There is early evidence that this model can provide great value in terms of health outcomes per dollar spent. Street medicine can improve the health of unsheltered patients and decrease the use of emergent and acute healthcare services. Early street medicine programs, such as Lehigh Valley Health Network (LVHN) Street Medicine, created alternative primary care access points that are both accessible and acceptable to the population. While results are preliminary, LVHN Street Medicine demonstrated decreased ED visits of over 80% and 30-day readmissions decreases by almost 70%. In a population that is notoriously difficult to provide treatment for chronic conditions, LVHN Street Medicine patients with hypertension had better blood pressure control than the traditional clinic population. While this certainly bodes well for hypertension control, it also speaks to street medicine’s ability to gain trust to the point where patients are willing to follow up longitudinally.
Street medicine was created with the intent to relieve suffering and has grown into a legitimate alternative healthcare delivery model for a population that requires it.

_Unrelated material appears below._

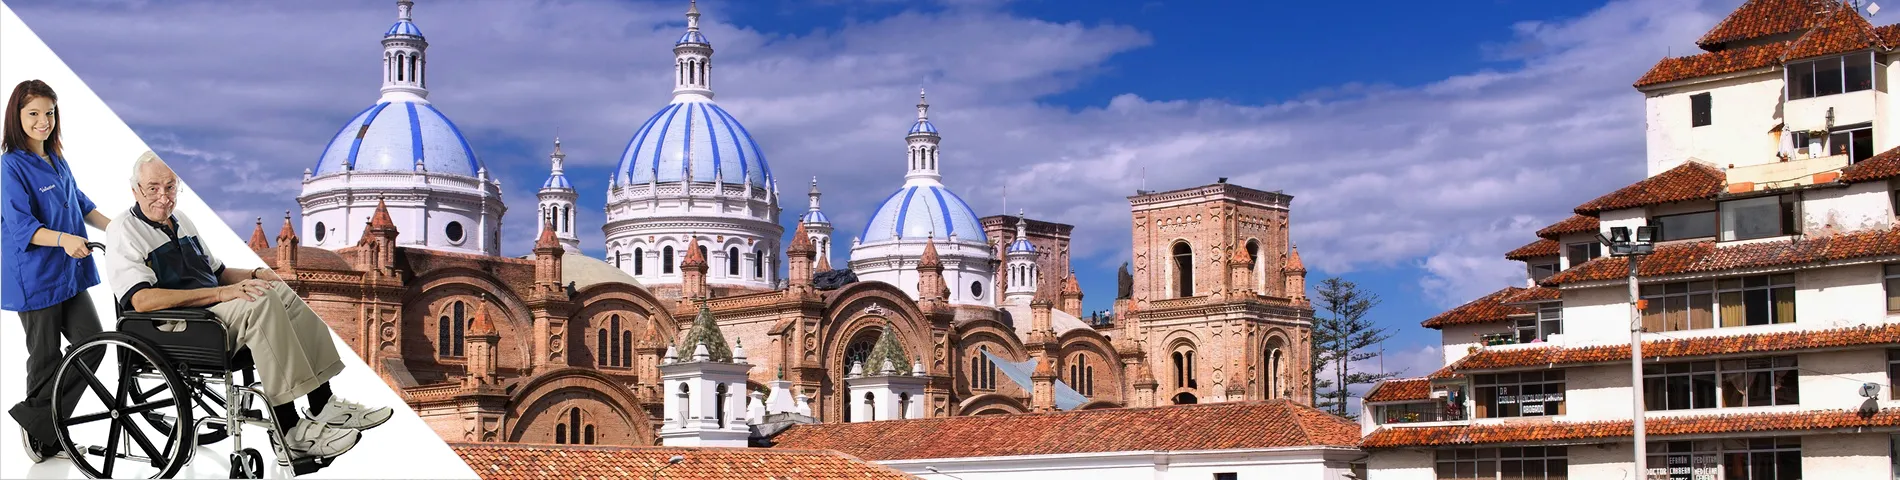 Cuenca - Španělština a Dobrovolnictví

The rapid growth, led by the Street Medicine Institute (www.streetmedicine.org) has reached over 100 programs worldwide, over half of which are in the U.S. These programs range from underfunded to unfunded, resulting in time spent delivering care, with little attention to research.
The rapid growth of the street medicine movement is a result of its success as a social justice movement and an effective healthcare delivery system. However, to achieve the vision of all unsheltered homeless having access to basic medical care, more research is needed to gain mainstream acceptance and achieve the vision of redefining what our waiting rooms look like. At USC, we are embarking on an effort to strengthen research in this area.